A small command-line tool that lives next to Claude on your laptop. It reads the usage logs Claude Code already writes, prices the tokens with a table you control, and tells you the rate you're burning at and the day you run dry. It meters local Claude Code usage — if a flow doesn't write those logs, burndown can't see it.
Existing tools show what you already spent, after the fact. This one shows the rate and the runway before you hit zero. Nothing leaves the machine. Zero runtime dependencies, read-only on your logs, content-blind by design. MIT.
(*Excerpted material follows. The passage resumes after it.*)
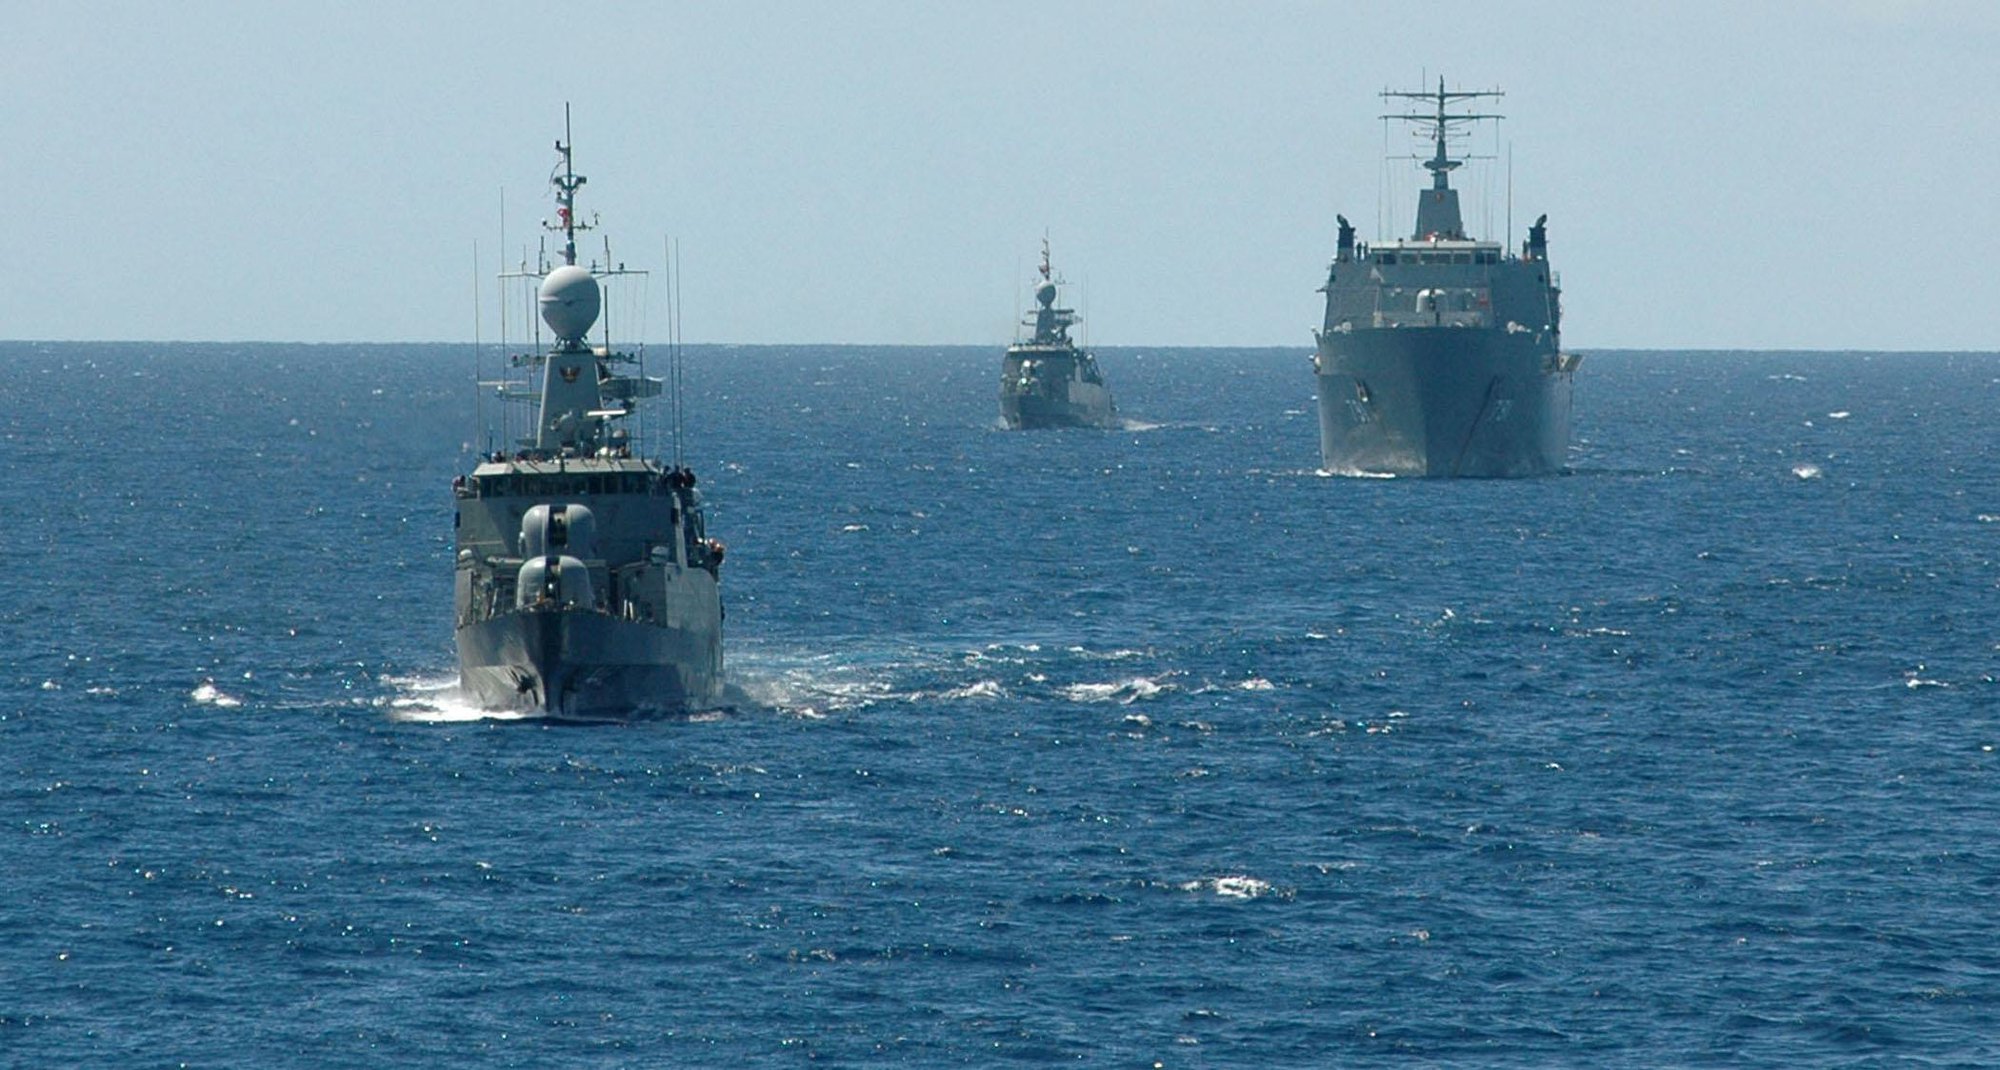 Tàu hộ vệ tên lửa của hải quân Thái Lan bị sóng đánh chìm - Ảnh 7.

burndown serve opens an auto-refreshing dashboard at http://127.0.0.1:8787. Same numbers as the terminal — spend, burn rate, runway, top projects — laid out to read at a glance, for people who run Claude through the desktop app.
Bound to 127.0.0.1, never 0.0.0.0. It's a local UI, not a network service — nothing on your network or the internet can reach it. This is the only socket burndown ever opens; everything else is read-and-print.
Prefer not to open a socket? burndown report writes a self-contained HTML file you open from file:// — no server, no fonts or CDN, no telemetry, nothing fetched. The file holds aggregate numbers only — no conversation content — and is git-ignored by default.
Most "free" tools earn their keep with telemetry. burndown earns yours by having nothing to hide: it's small, it's pure-stdlib, and the whole thing reads in one sitting. Verify every claim below from the source — in one line.
Install with pipx straight from the repo and you get the burndown command on your PATH. Pure-Python stdlib, so there's nothing else to pull in. Run burndown and it reads the logs Claude Code is already keeping — set a budget with burndown budget 100 to get a runway. It's on PyPI, so the same one line works on macOS, Linux, and Windows.